▸ What you will do
With the pictures left out, transcribe exactly the lines from the one with "Очки для плавания" through the end of the data.

▸ Given information
================
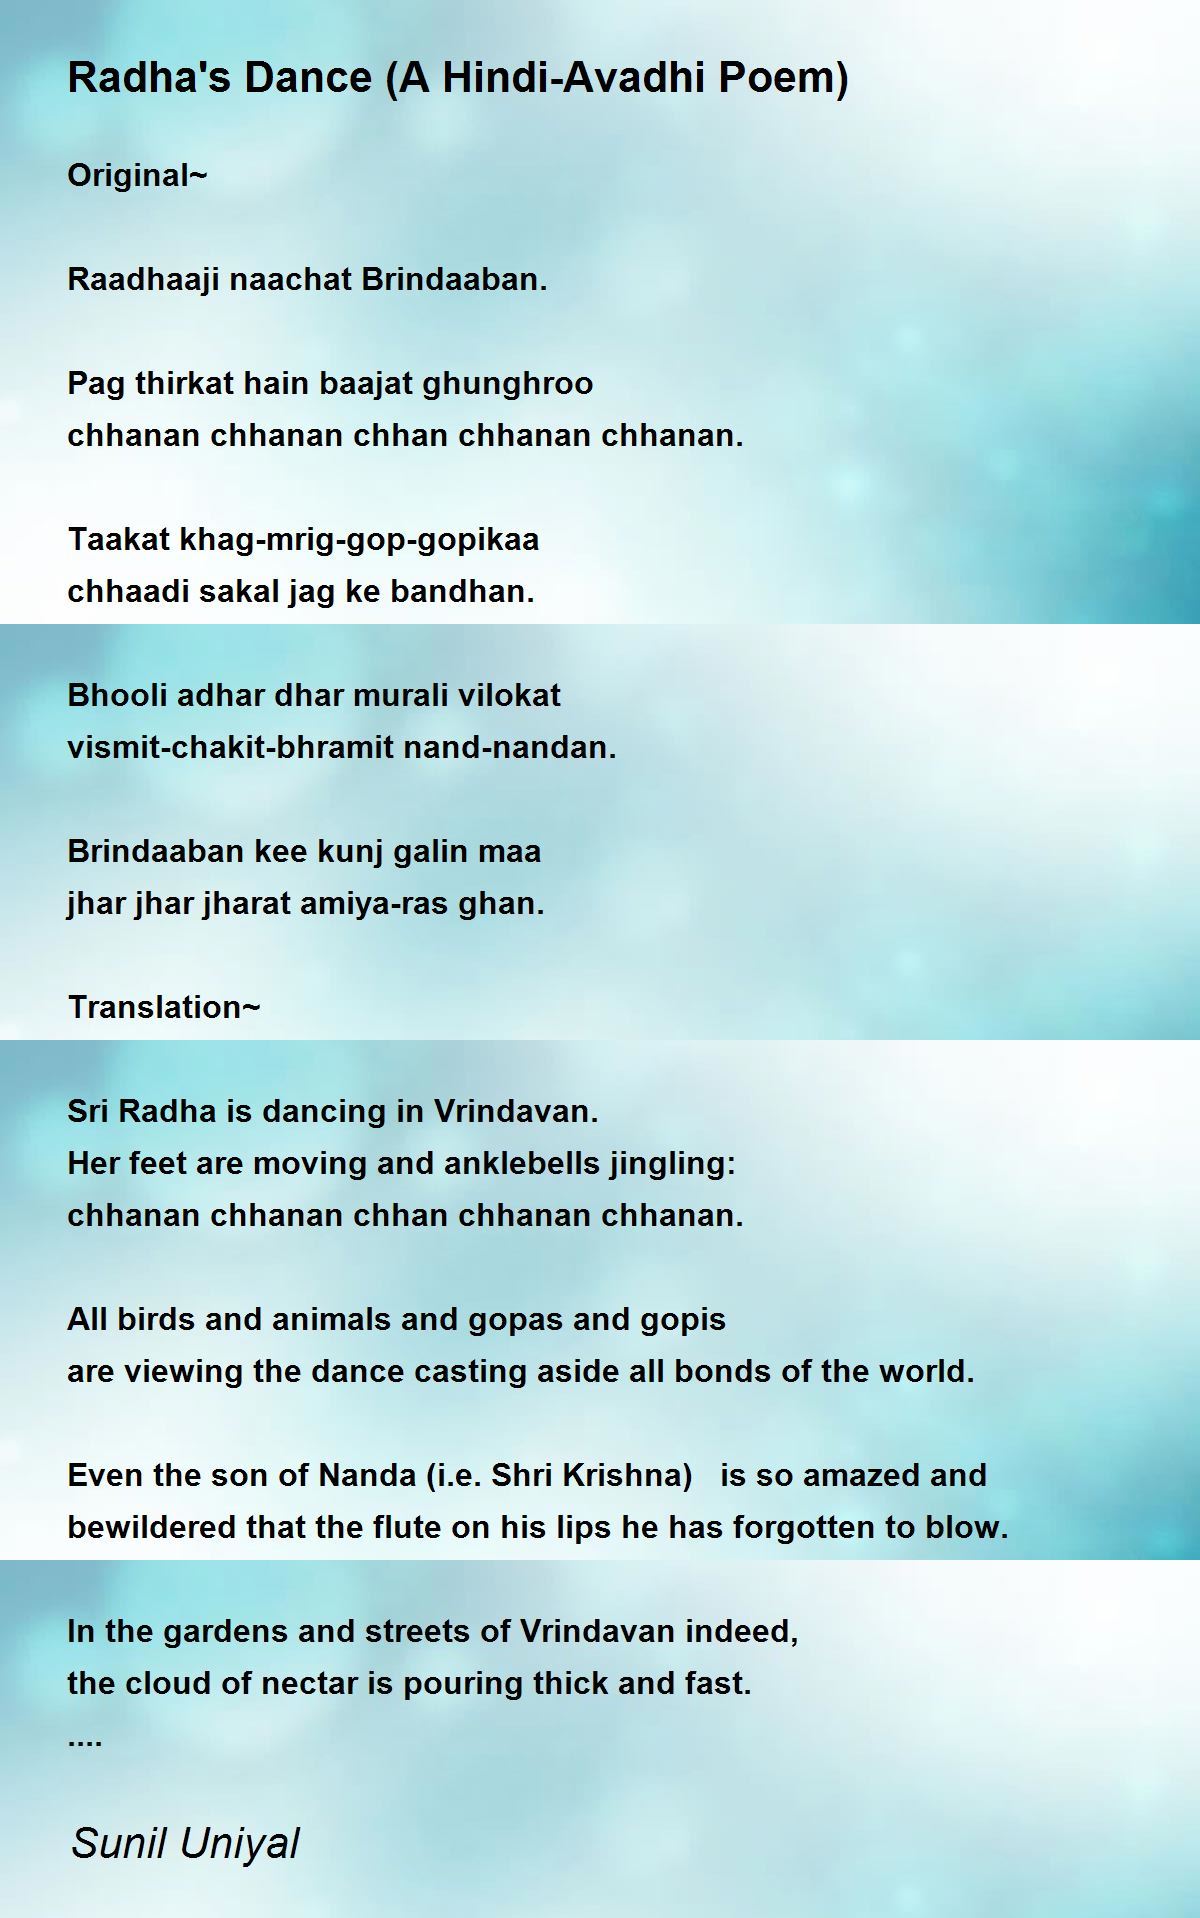 Radha's Dance (A Hindi-Avadhi Poem) - Radha's Dance (A Hindi-Avadhi Poem)  Poem by Sunil Uniyal
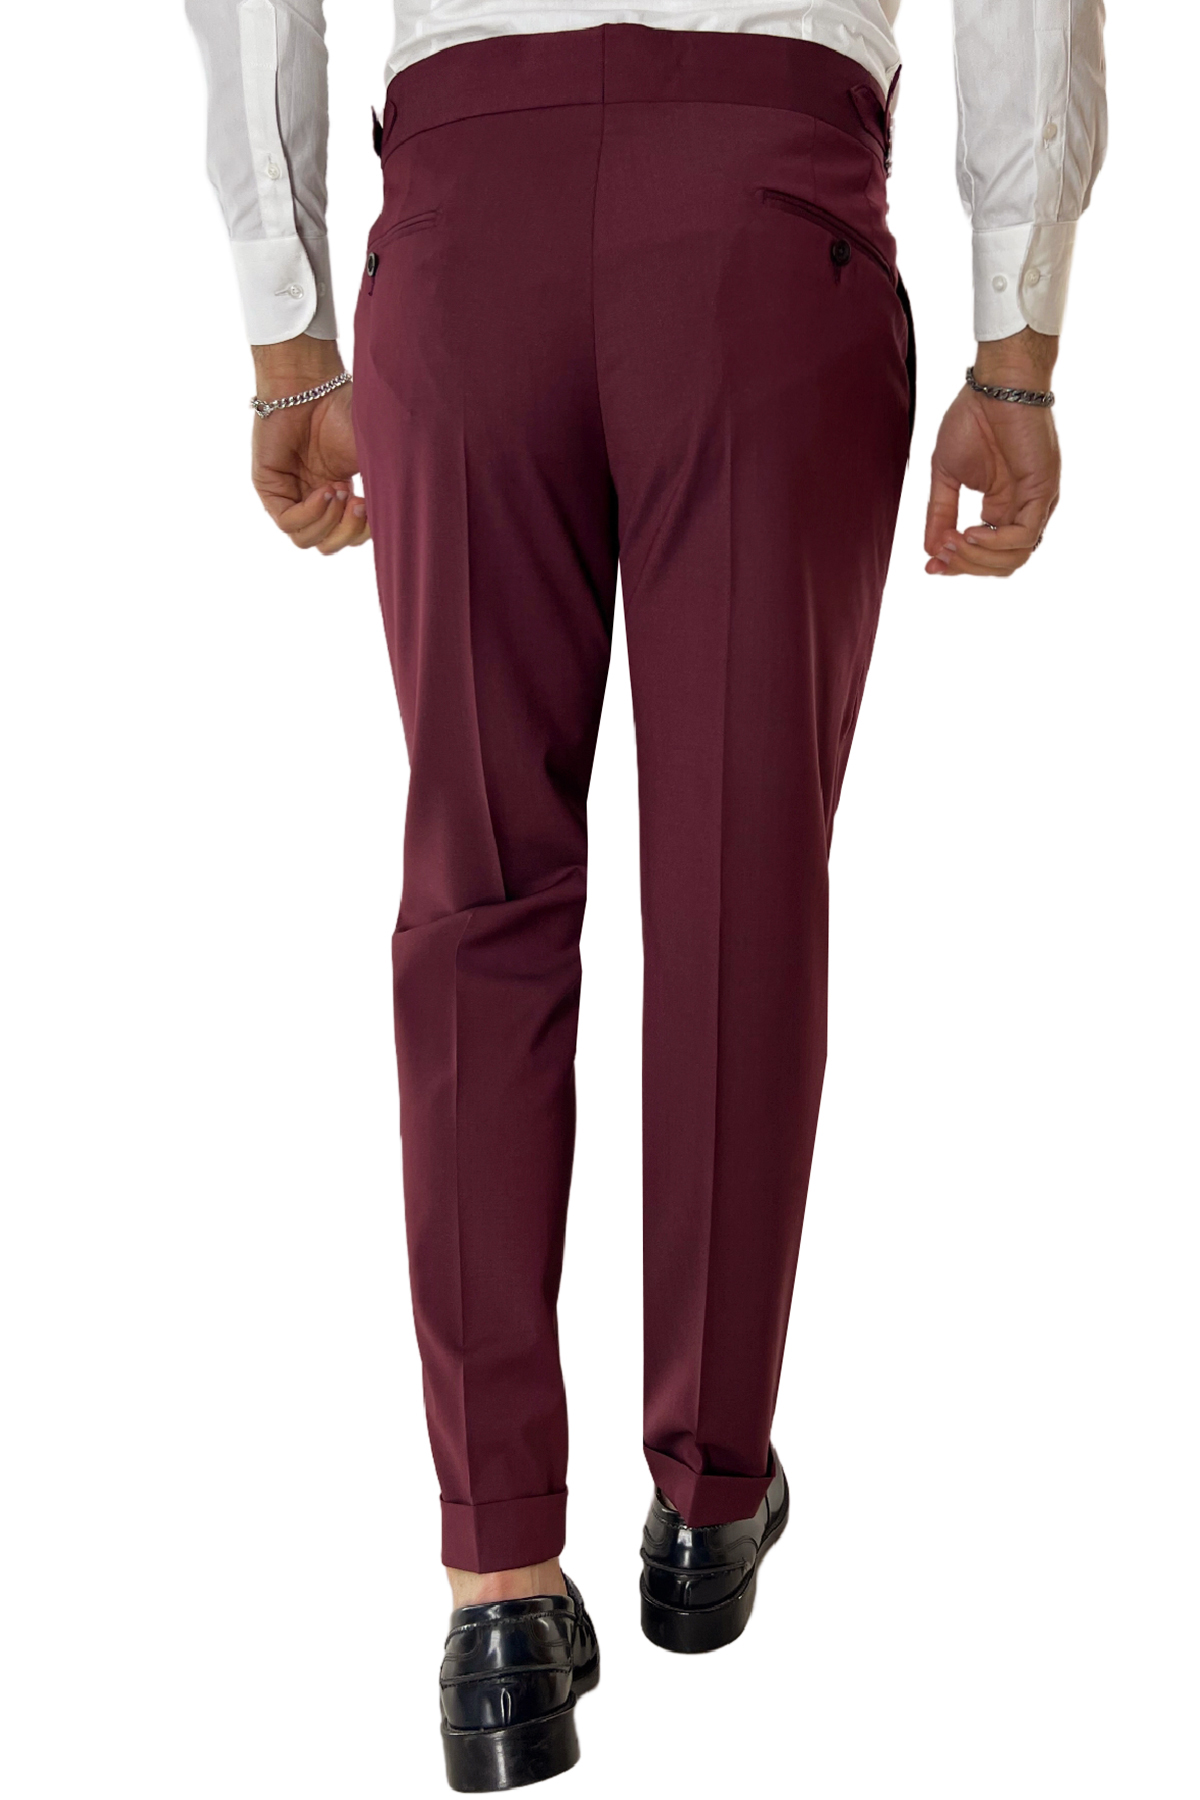 Pantalone uomo bordeaux fresco lana Vitale Barberis vita alta con pinces fibbie laterali e risvolto 4cm
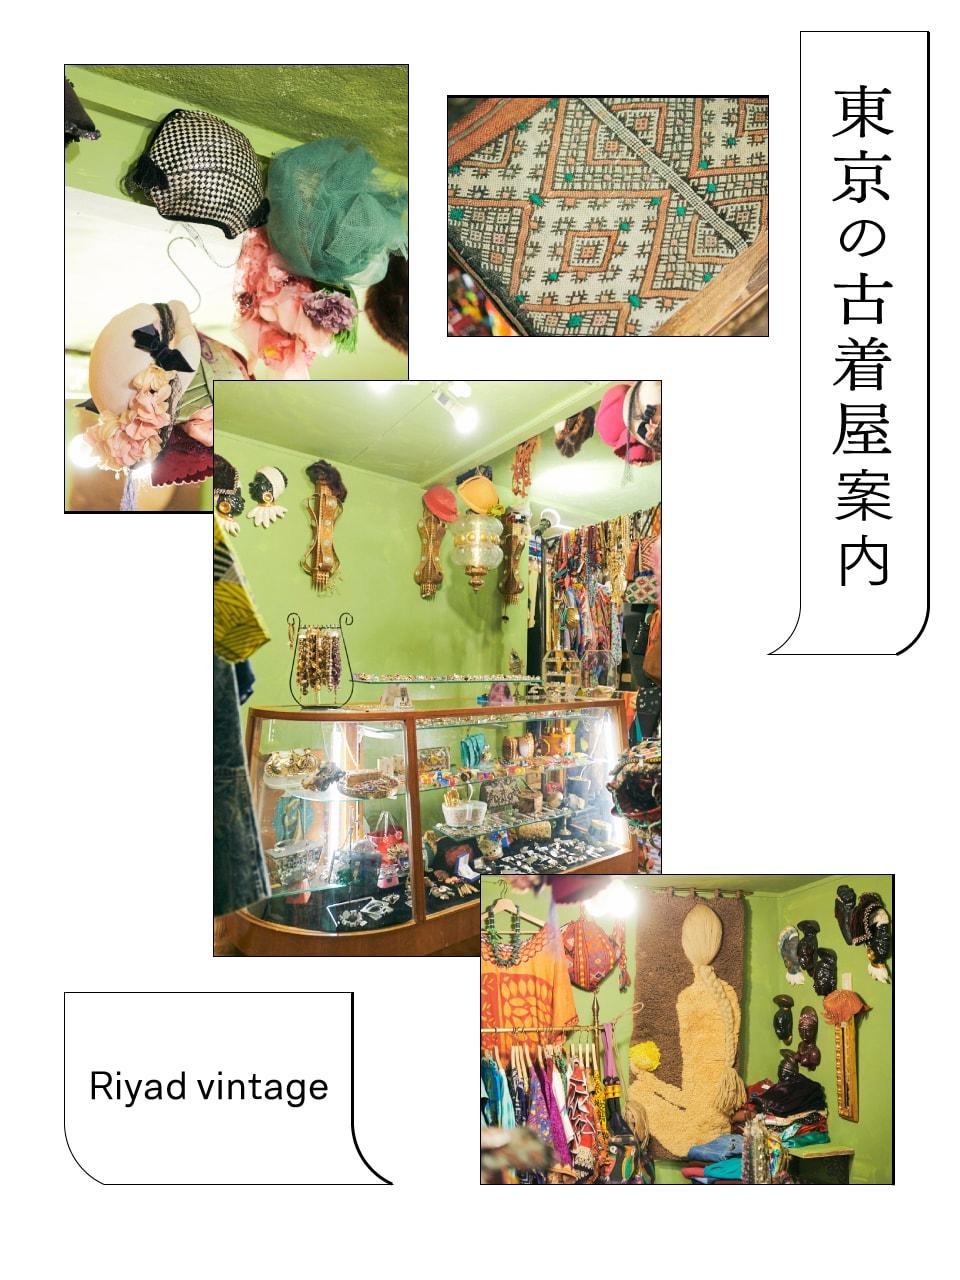 モロッコの砂漠で作られたラグと出合える「リヤド ヴィンテージ」。＋αが楽しい、東京の古着屋案内
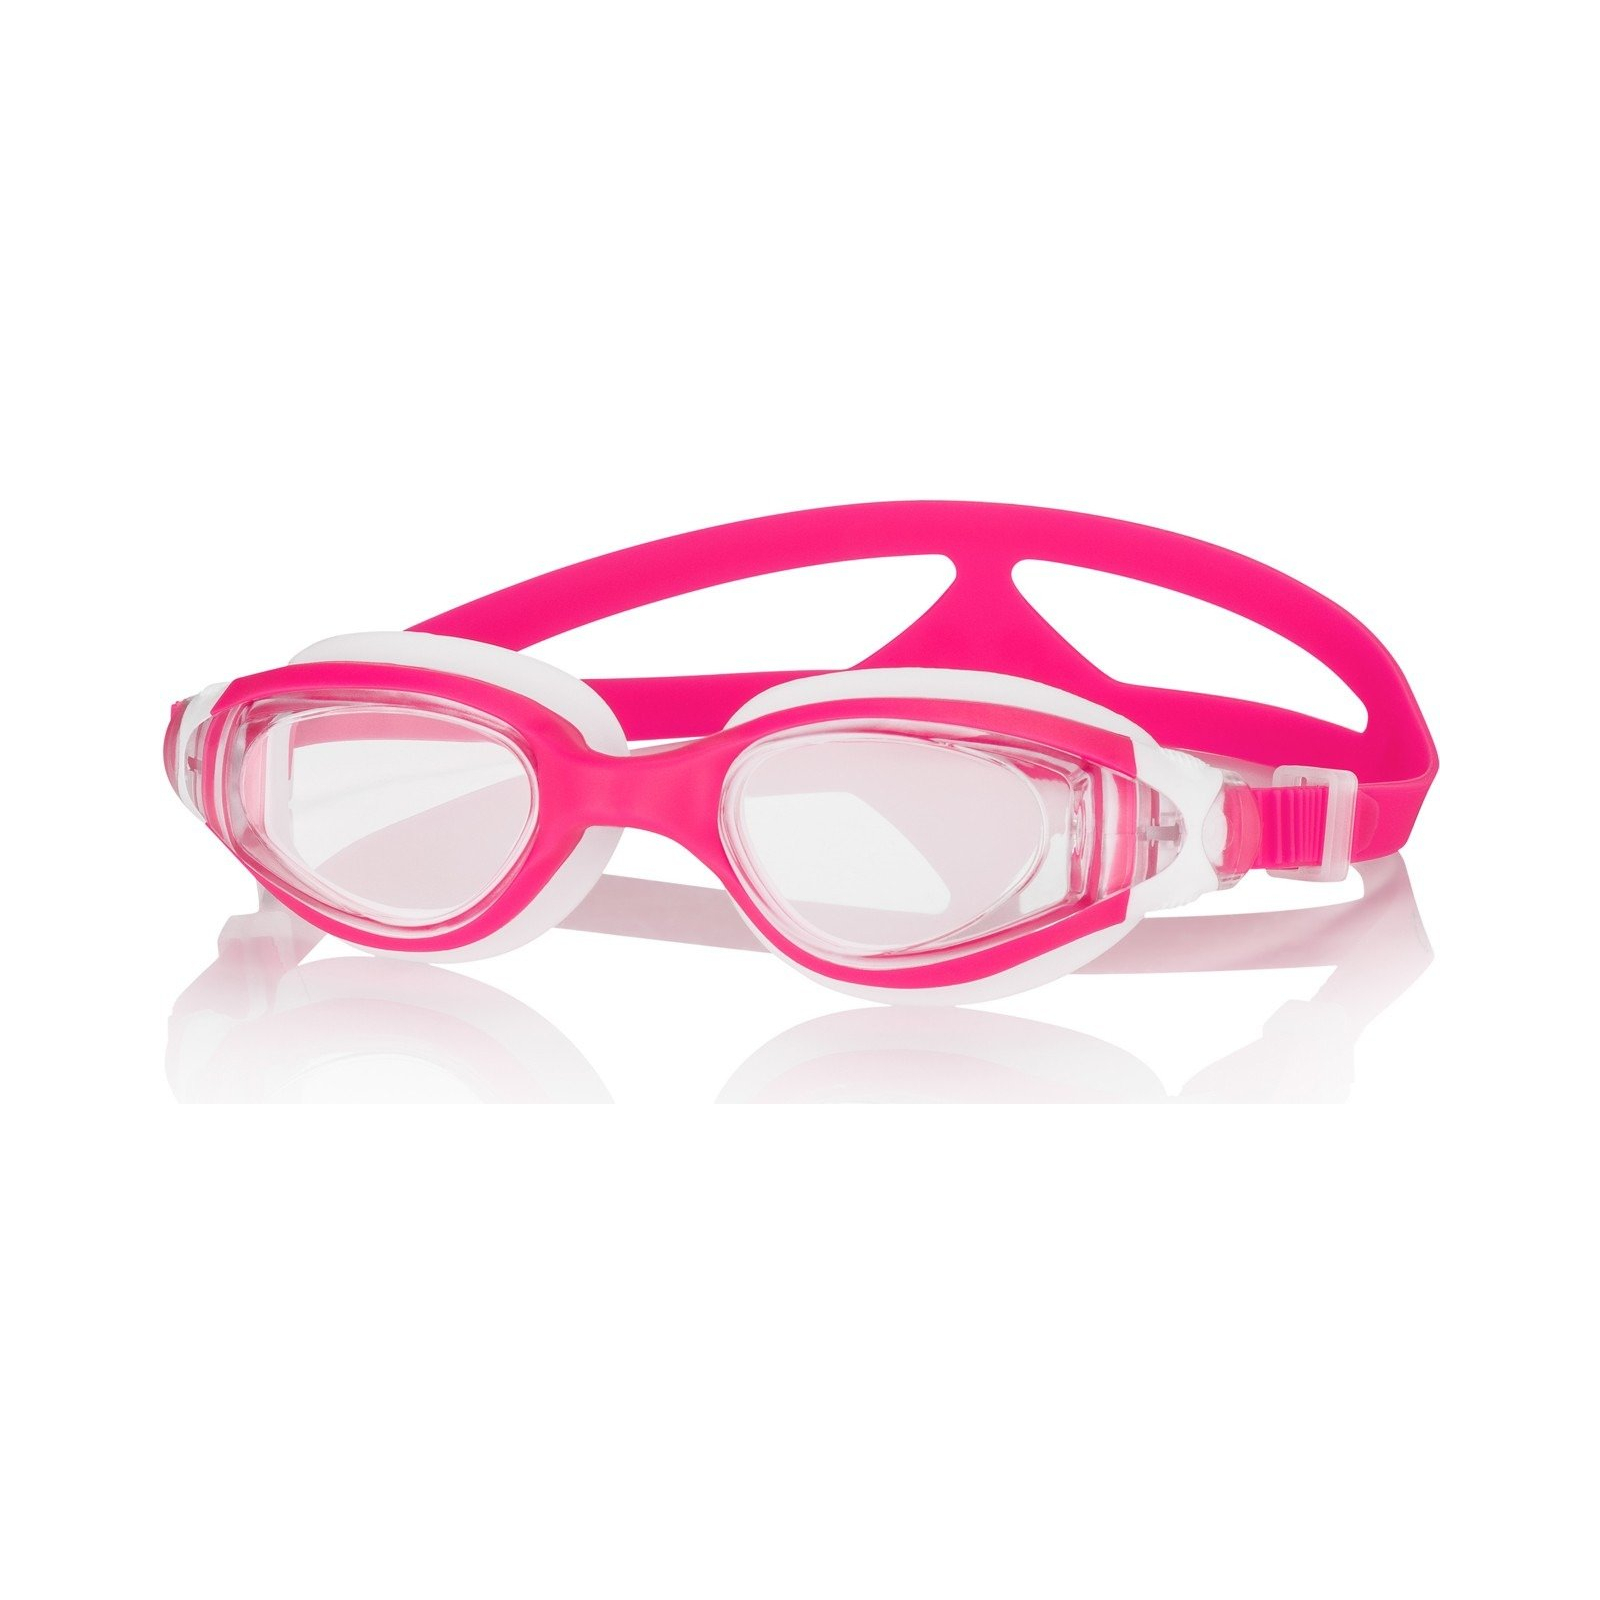 Очки для плавания Aqua Speed Ceto 043-03 5847 рожевий/білий OSFM (5908217658470)
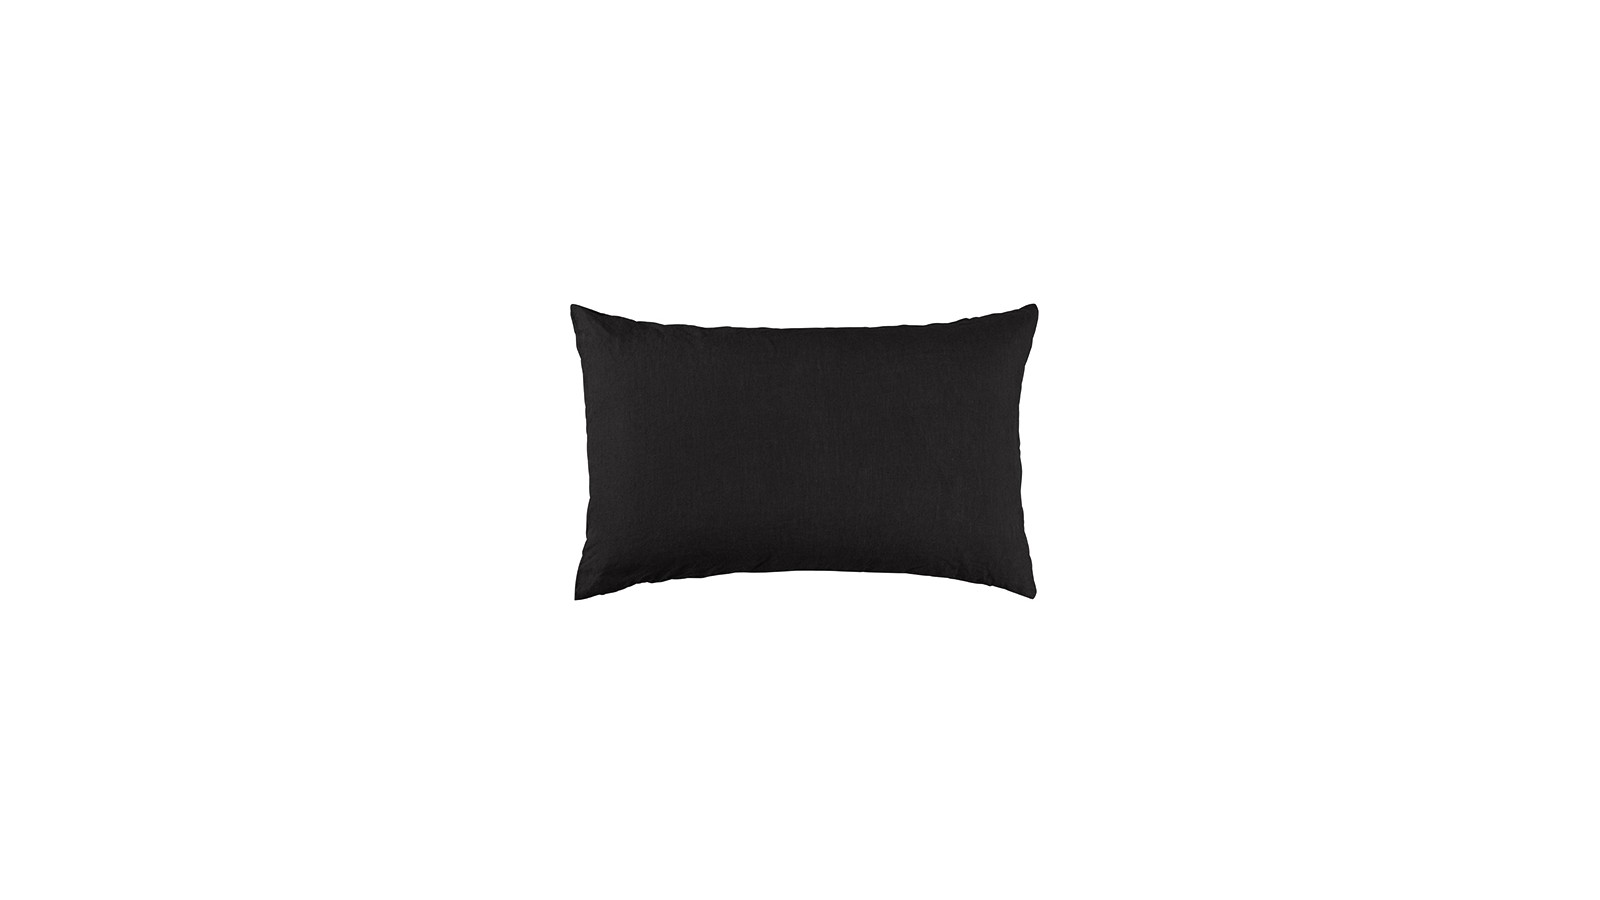 Housse de coussin rectangulaire 30 x 40 cm en lin lavé uni Noir Noir
================
▸ Exercise solution
 Очки для плавания Aqua Speed Ceto 043-03 5847 рожевий/білий OSFM (5908217658470)
 Housse de coussin rectangulaire 30 x 40 cm en lin lavé uni Noir Noir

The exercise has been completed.